Task instructions:
Restate word for word the section of the entries that opens at the line containing "Egyptian German Automotive" and closes at the line containing "mobile phone cases NEW-Animals 33", both lines kept, pictures dropped.

Exercise data:
════════
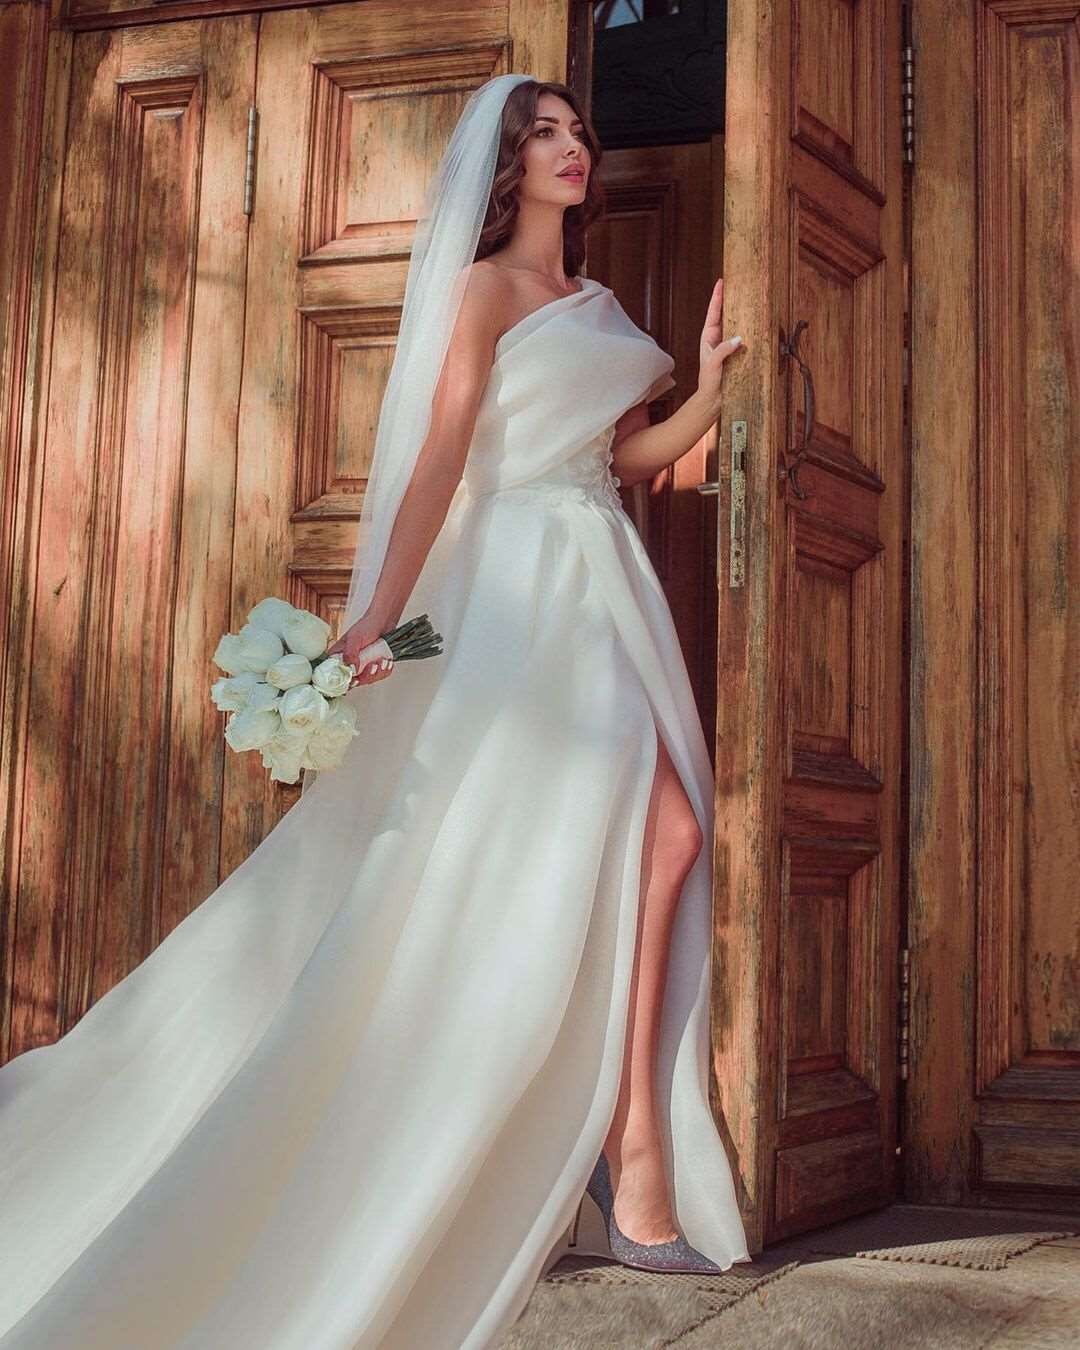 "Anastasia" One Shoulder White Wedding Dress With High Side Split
════════
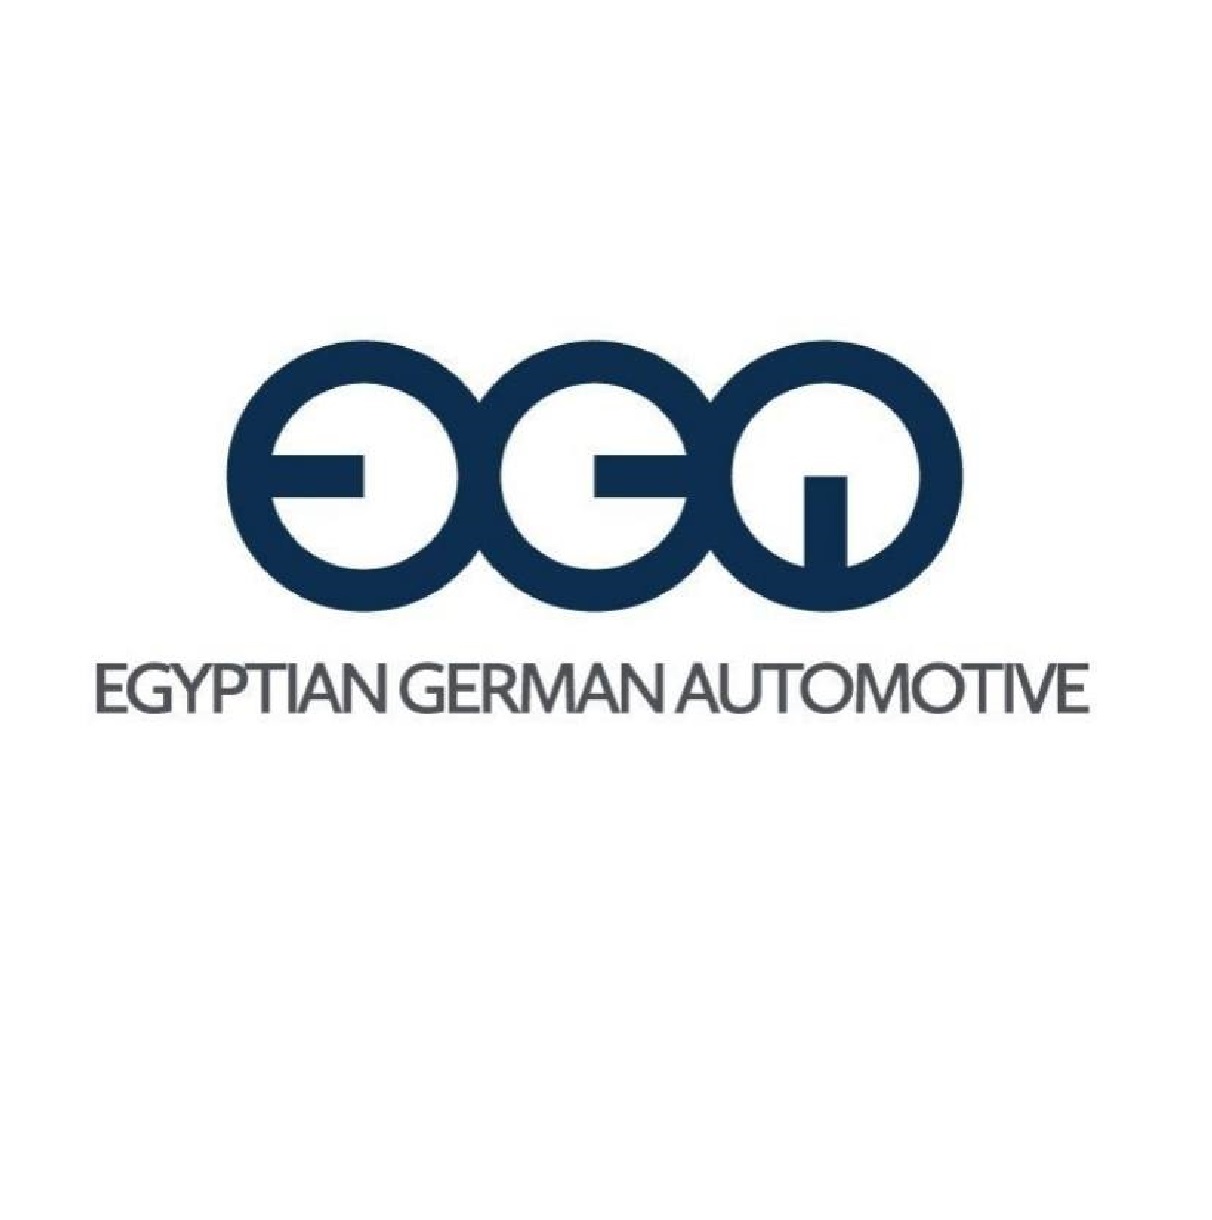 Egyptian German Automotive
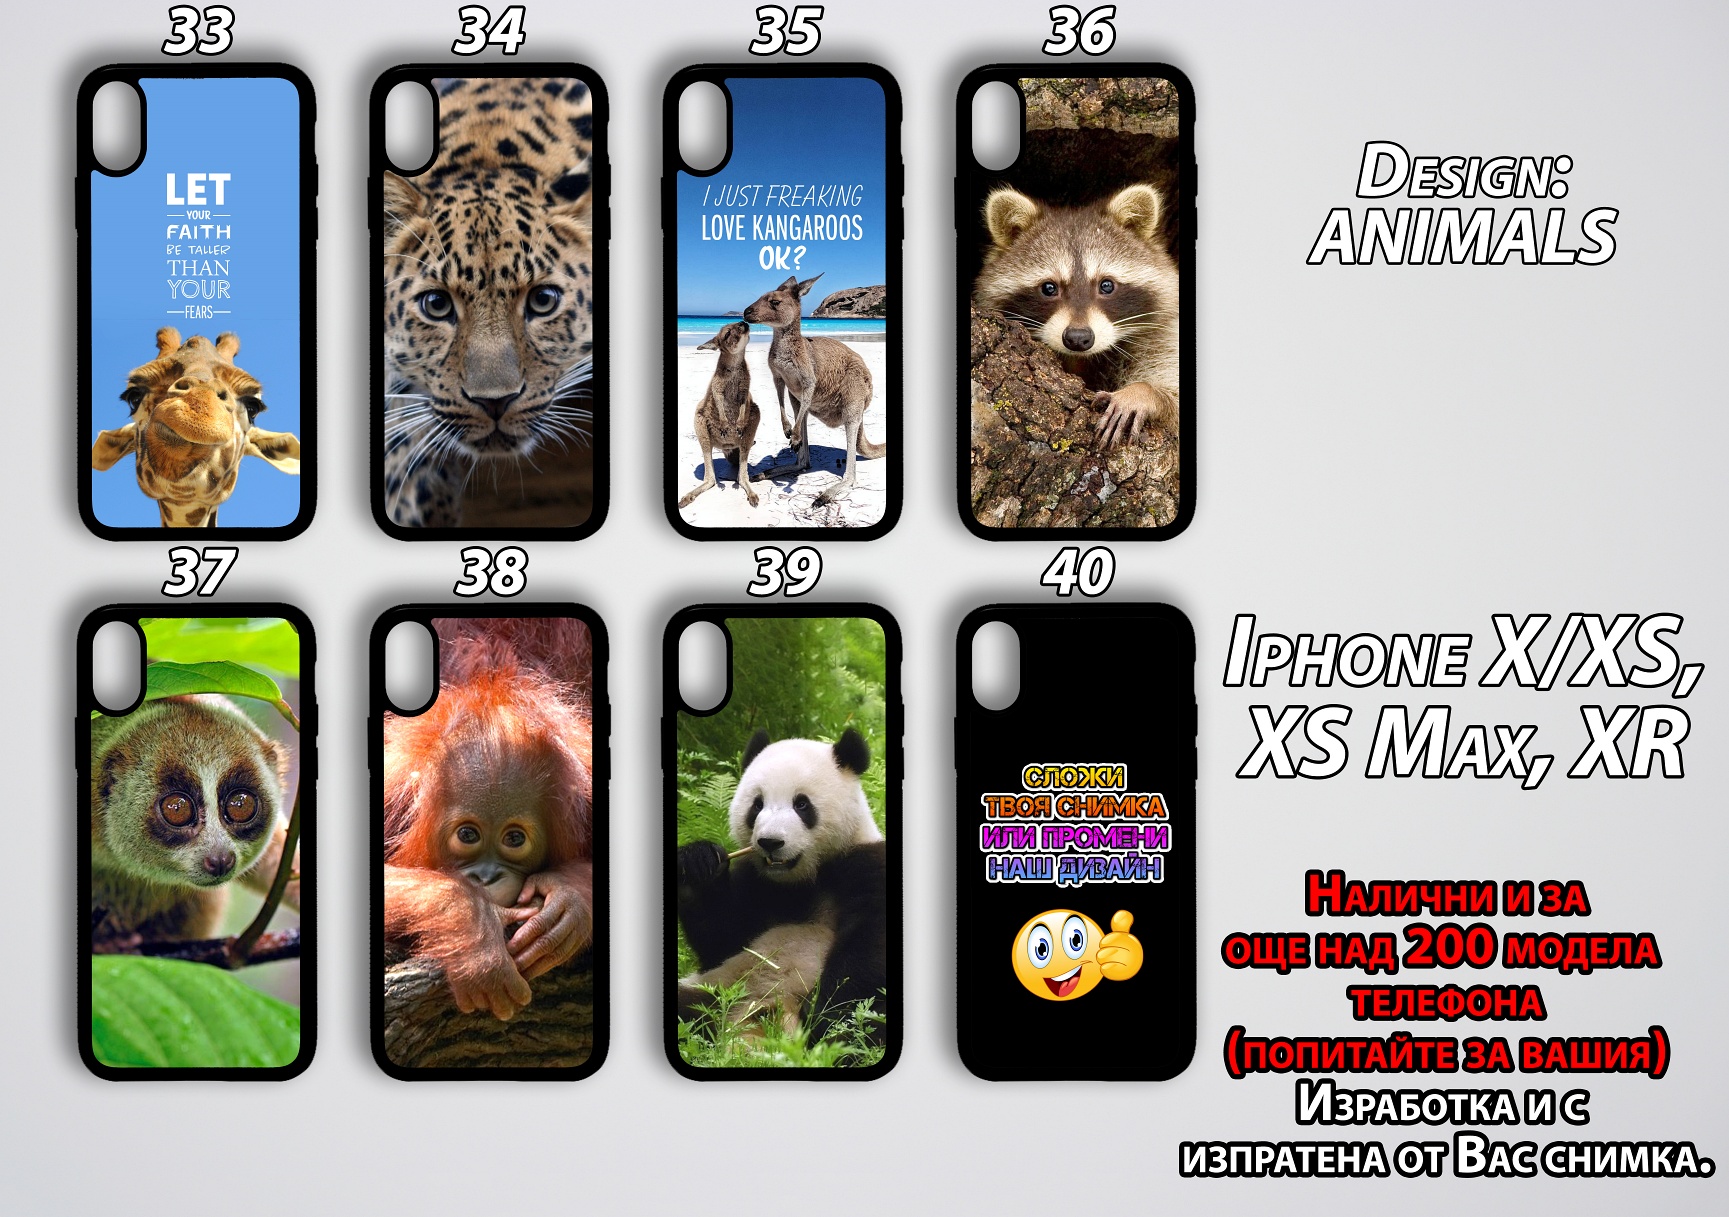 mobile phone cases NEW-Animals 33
════════
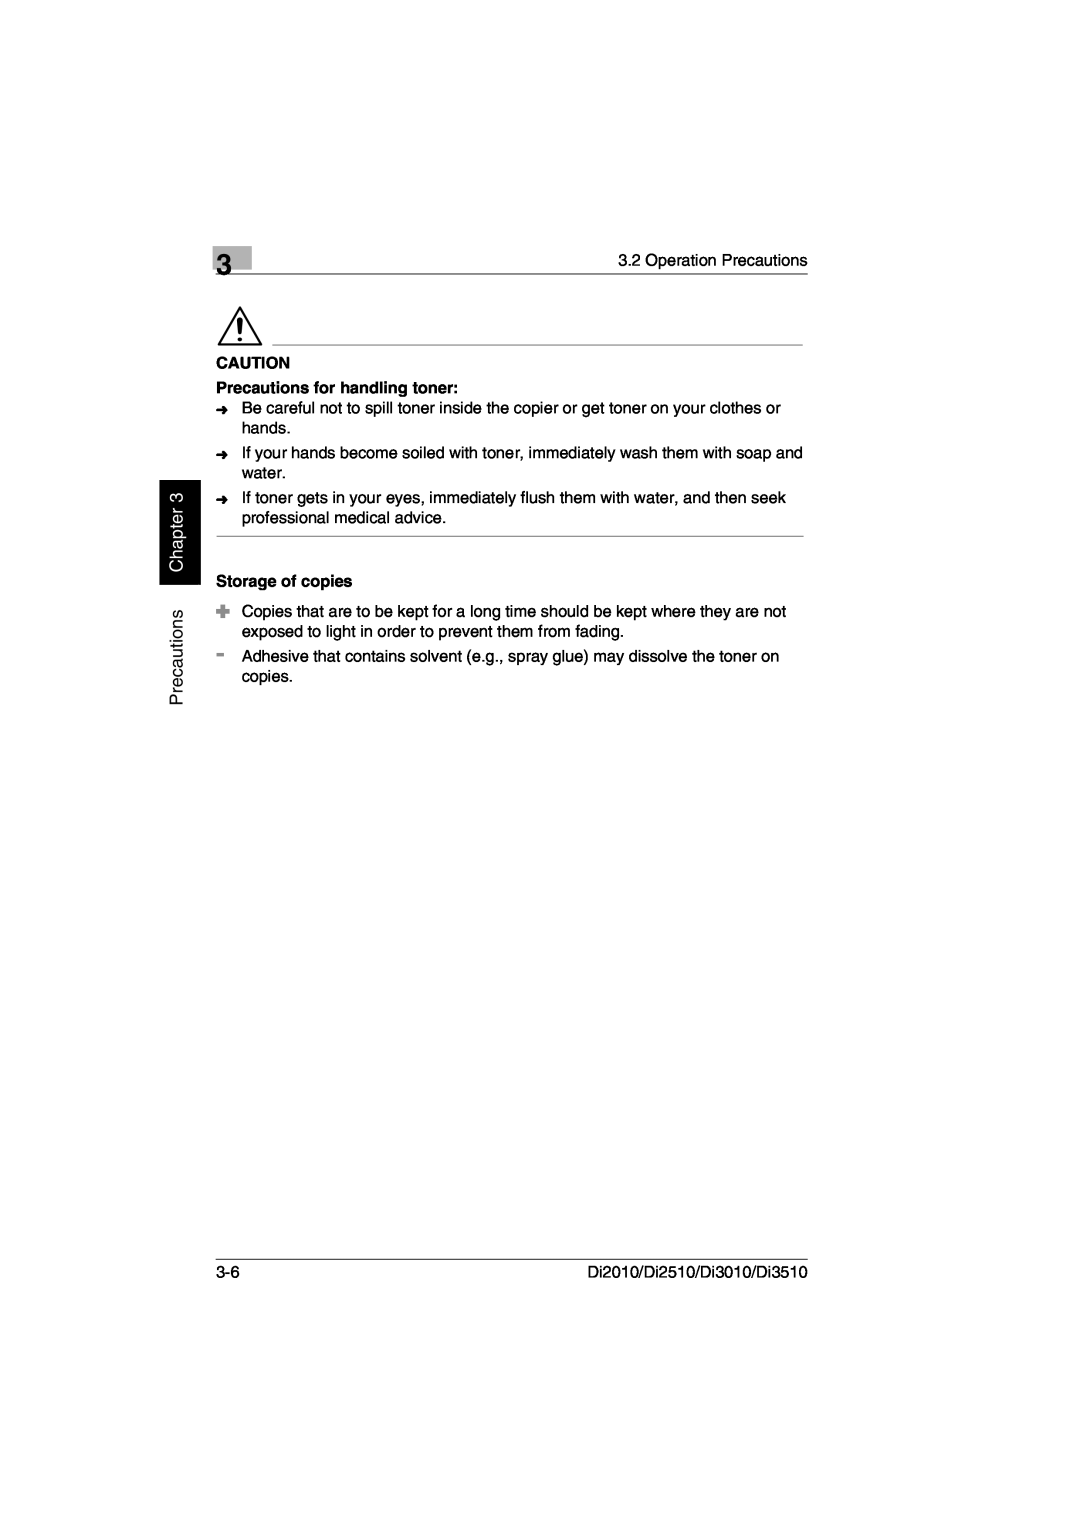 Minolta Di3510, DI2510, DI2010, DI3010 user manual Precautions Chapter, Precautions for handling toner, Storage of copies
════════
Reply:
 Egyptian German Automotive
 mobile phone cases NEW-Animals 33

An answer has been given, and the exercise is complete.